-- Opening Marker --

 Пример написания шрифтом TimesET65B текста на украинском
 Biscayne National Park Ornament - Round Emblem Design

-- Closing Marker --
-- Opening Marker --

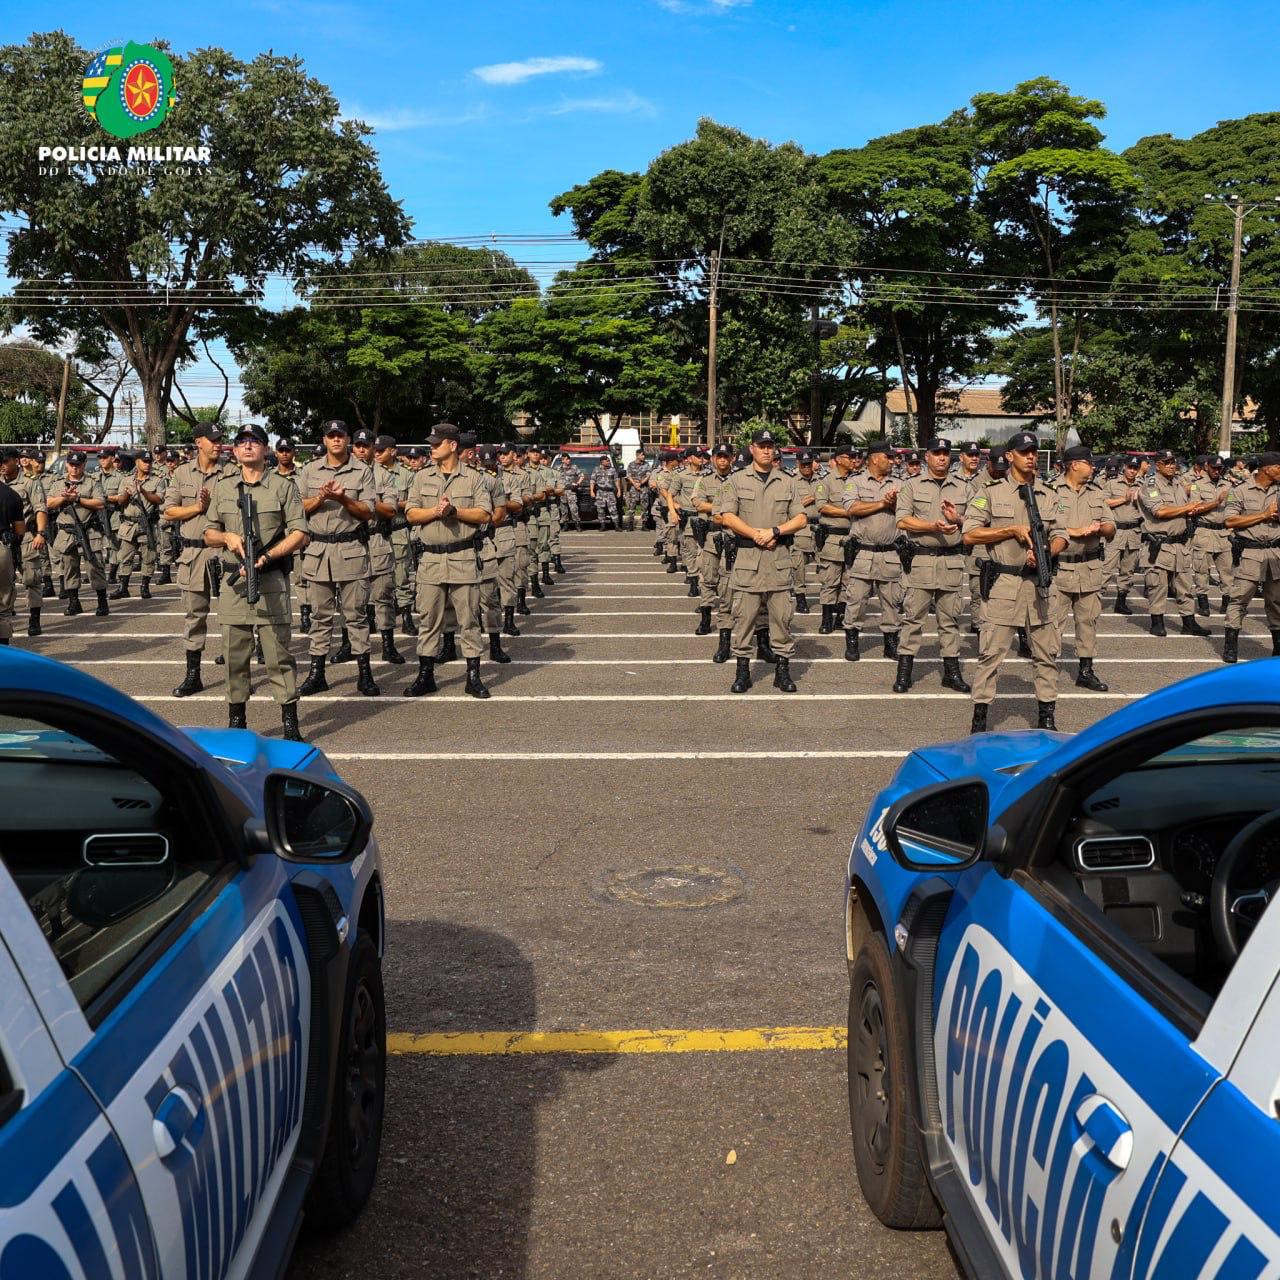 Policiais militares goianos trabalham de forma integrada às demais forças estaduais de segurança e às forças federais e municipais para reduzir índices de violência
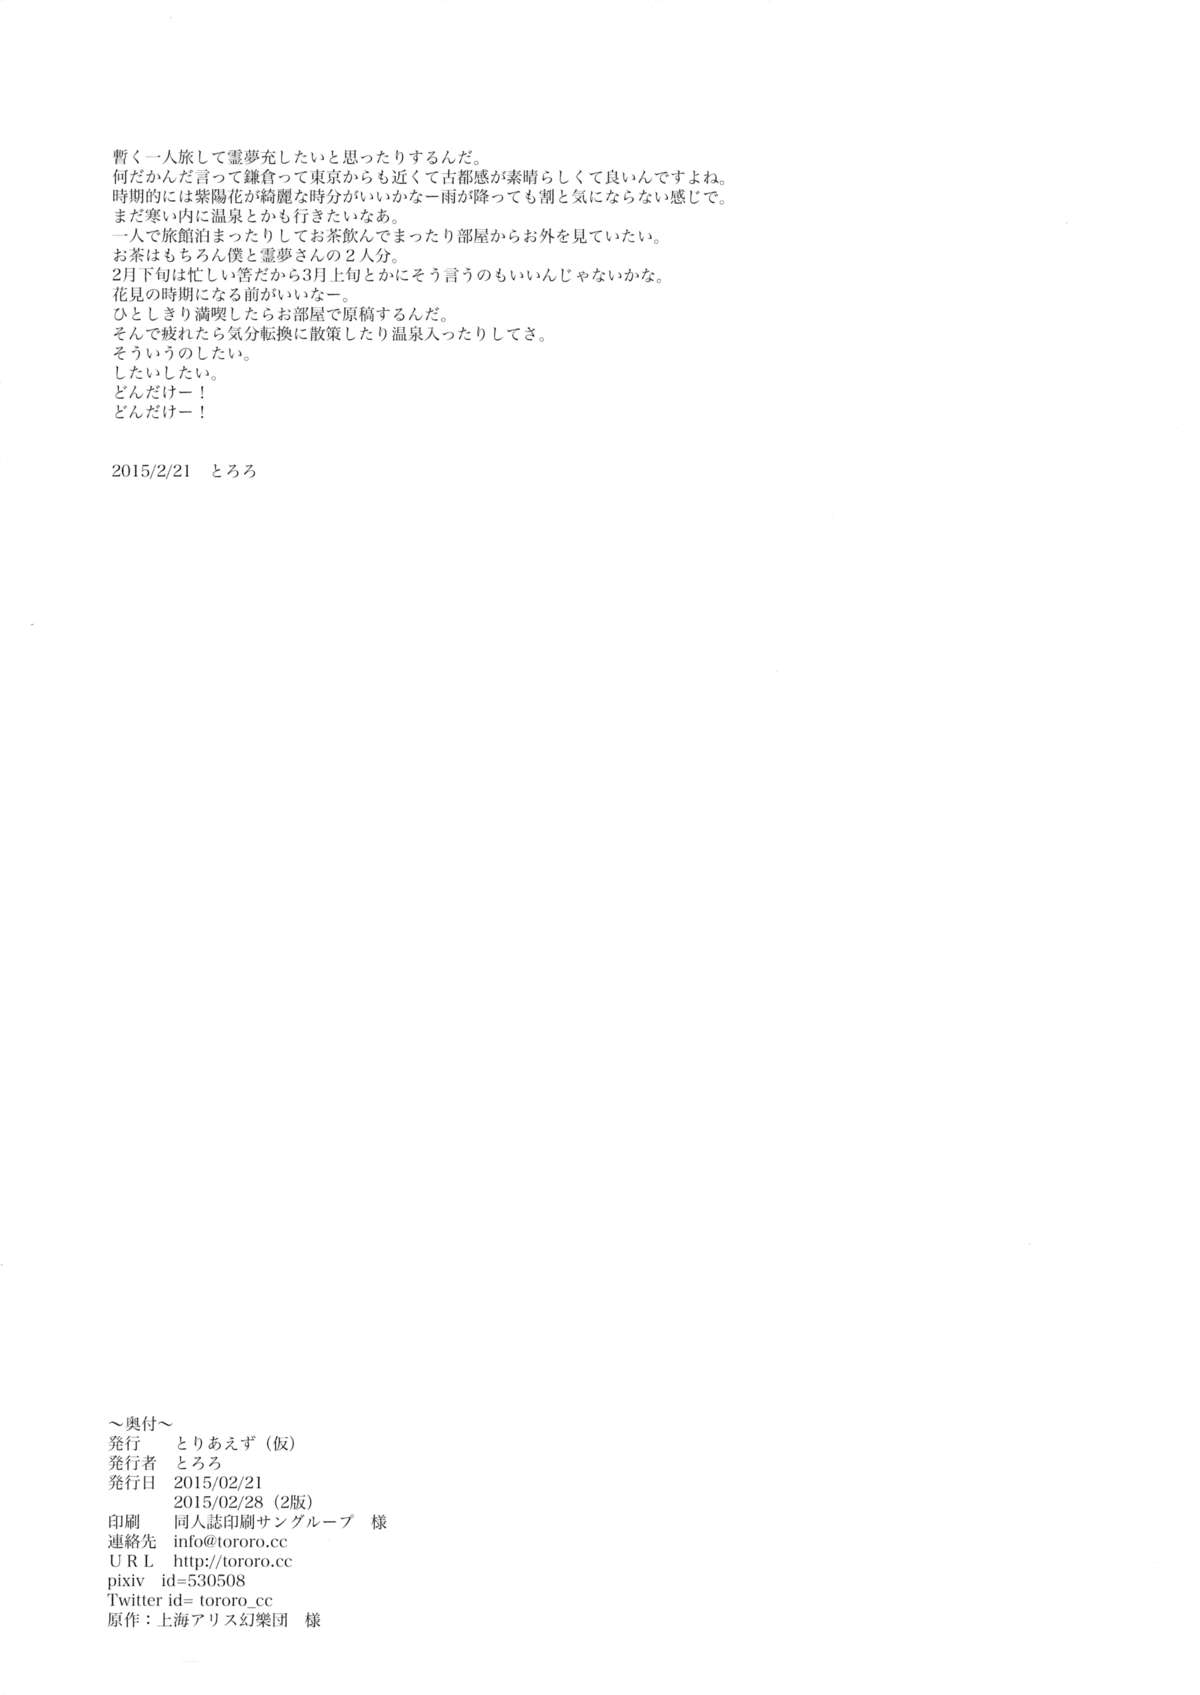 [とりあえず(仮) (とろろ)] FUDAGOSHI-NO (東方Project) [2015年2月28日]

-- Closing Marker --
-- Opening Marker --

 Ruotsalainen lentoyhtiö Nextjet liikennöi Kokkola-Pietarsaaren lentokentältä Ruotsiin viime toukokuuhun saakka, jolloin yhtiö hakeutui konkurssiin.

-- Closing Marker --

## [ACTION ITEM]
Starting at the line that has "Пример написания шрифтом" and ending at the line that has "Biscayne National Park", please write out the lines above exactly, leaving out all others.

## [SOLUTION FOR THIS PROBLEM]
 Пример написания шрифтом TimesET65B текста на украинском
 Biscayne National Park Ornament - Round Emblem Design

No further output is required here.